Саша решил сходить за цветами, а затем, быстро вернувшись, вместо своего обычного пассивного ожидания застолья помочь маме во всем, к чему она его допустит. Последнее время он стал замечать, как она порой устает от домашних дел. Обычно после семейного завтрака мама отправлялась на рынок, где покупала парное мясо, овощи, фрукты, зелень, заносила тяжелые сумки в дом и сразу отправлялась за другими продуктами. Иногда, как правило, в выходные, которые на свое усмотрение брал отец, родители на машине, купленной уже в Москве, вместе отправлялись по хозяйственным делам. Тогда под вечер мама не выглядела такой уставшей.
В их новой квартире, как и прежде, были идеальный порядок, вкусная еда, все было постирано и поглажено. Саша уже начал сомневаться, что у мамы хоть когда-то что-то поменяется в укладе, а если и случатся перемены – те, о которых говорил отец, ее они коснутся не напрямую, а лишь косвенно.

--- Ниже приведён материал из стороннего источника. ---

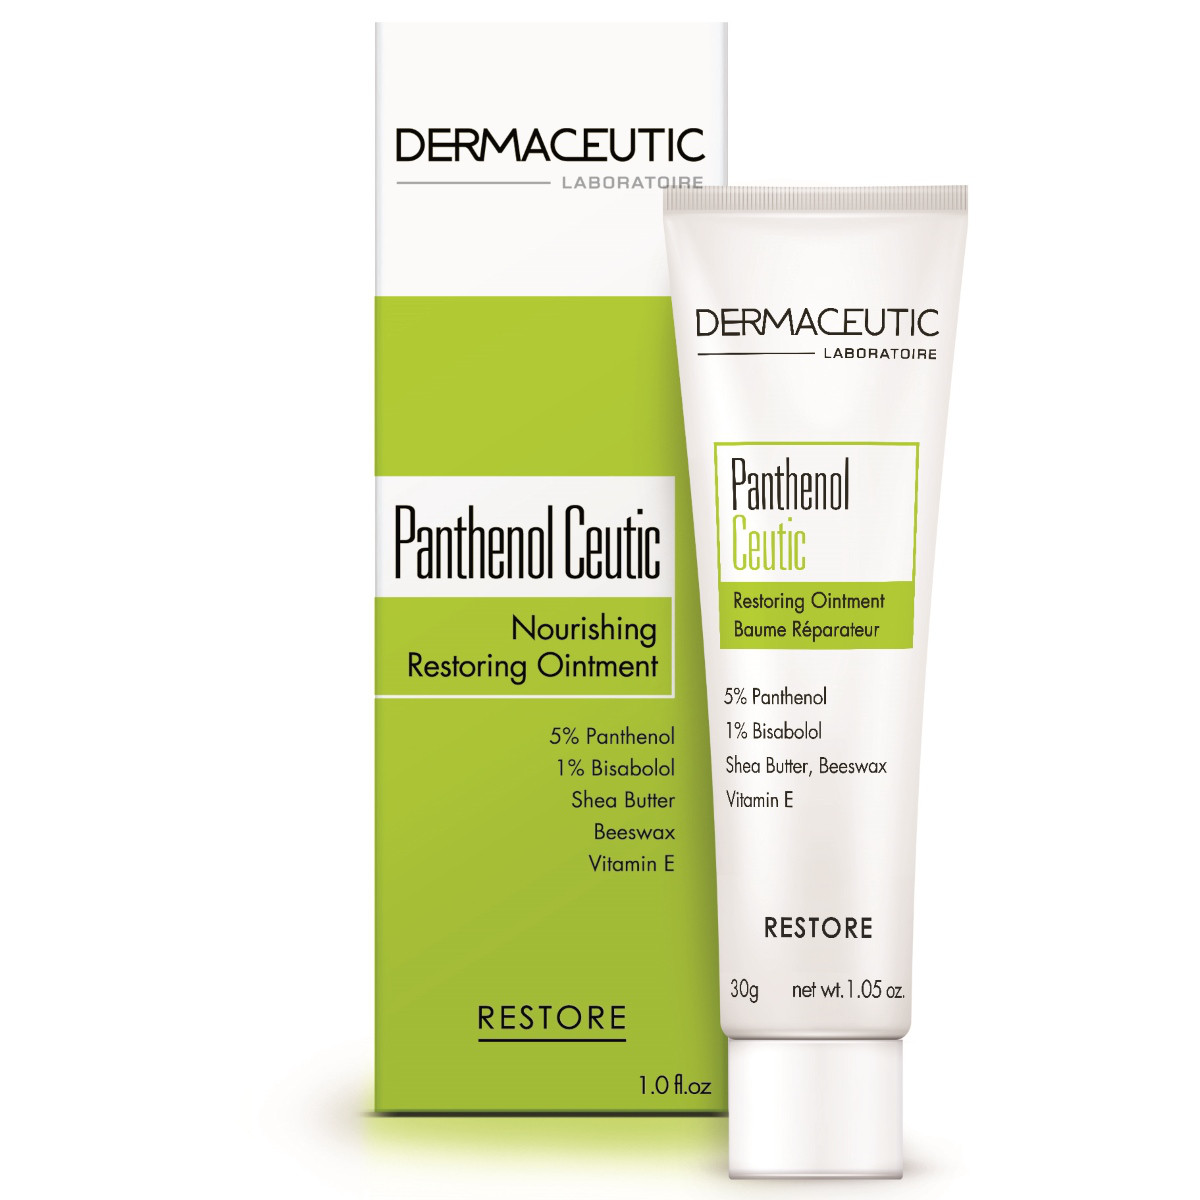 Dermaceutic Восстанавливающий бальзам Panthenol Ceutic,30г

Он решил поспешить. Надел белоснежную футболку, выгодно подчеркивающую его мужественные формы, джинсы, идеально облегающие стройные бедра, новые кроссовки и уже на ходу пшикнул на себя любимым одеколоном. Темные порядком отросшие и слегка вьющиеся волосы сегодня зачесал назад и уложил гелем. Соня, увидев сына, не смогла удержаться от хвалебных комментариев:
– Боже! Ну прямо красавец! Какой же ты у меня уже взрослый! Интересно, какой девушке достанется такой молодец? Ты только не торопись, сыночек, очень прошу тебя. Выбирай по уму, а потом по сердцу.

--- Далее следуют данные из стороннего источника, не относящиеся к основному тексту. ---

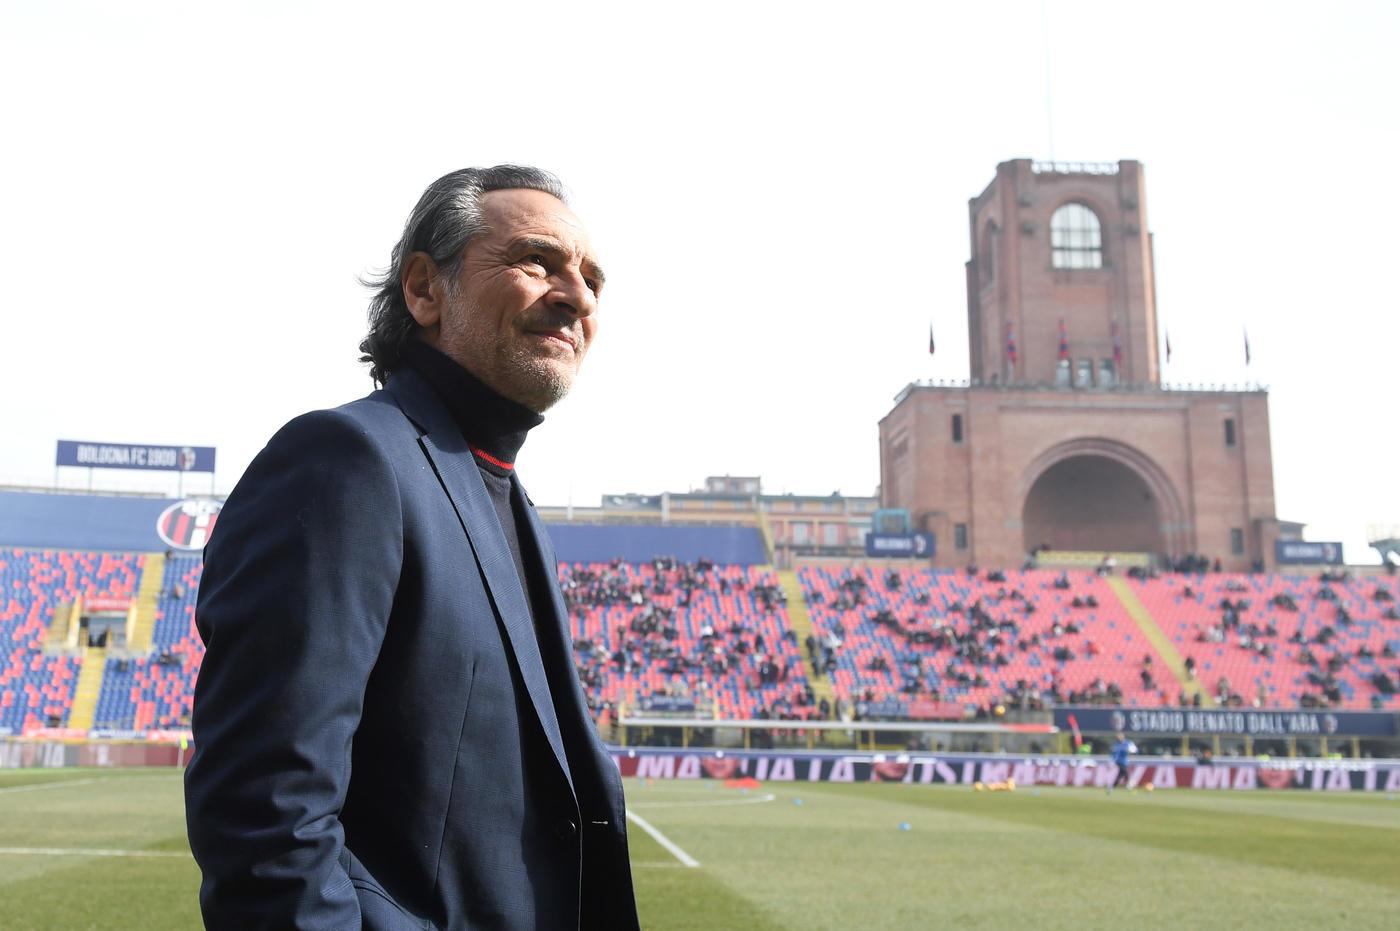 Serie A, Bologna-Genoa 1-1: Lerager risponde a Destro

– Мам, да ладно тебе, – смущаясь и краснея на глазах, ответил Саня. И добавил: – А что касается девушки, я уверен, понравиться мне может только та, которая будет похожа на тебя. Ведь ты – лучшая и самая красивая! Все, не скучай. Я ненадолго.
Уходя, он чмокнул мать в щеку, отметив про себя, как важно не забывать делать ей комплименты, от которых она сразу расцветает.
Покидая дом, Саша даже на секунду не мог представить, что планам на сегодня не суждено сбыться. Что все пойдет не так. И все теперь станет иначе.
4
Миллениум. Произошла не только смена столетия. В стране шли глобальные перемены. Под лозунгом начавшейся ранее перестройки постепенно ломались стереотипы. Уже давно были закрыты и тут же проданы многие предприятия, процветала коммерция, породившая рэкет и вспышку бандитизма. Резкие перемены, связанные со сменой политического строя и приведшие к глубочайшему экономическому кризису, коснулись каждой семьи. Кто-то быстро поднялся и чувствовал себя уверенно, кто-то пытался всеми силами выжить, а некоторые пали, не в силах противостоять новой системе ценностей. В условиях гласности народ стал раскрепощенным и политизированным.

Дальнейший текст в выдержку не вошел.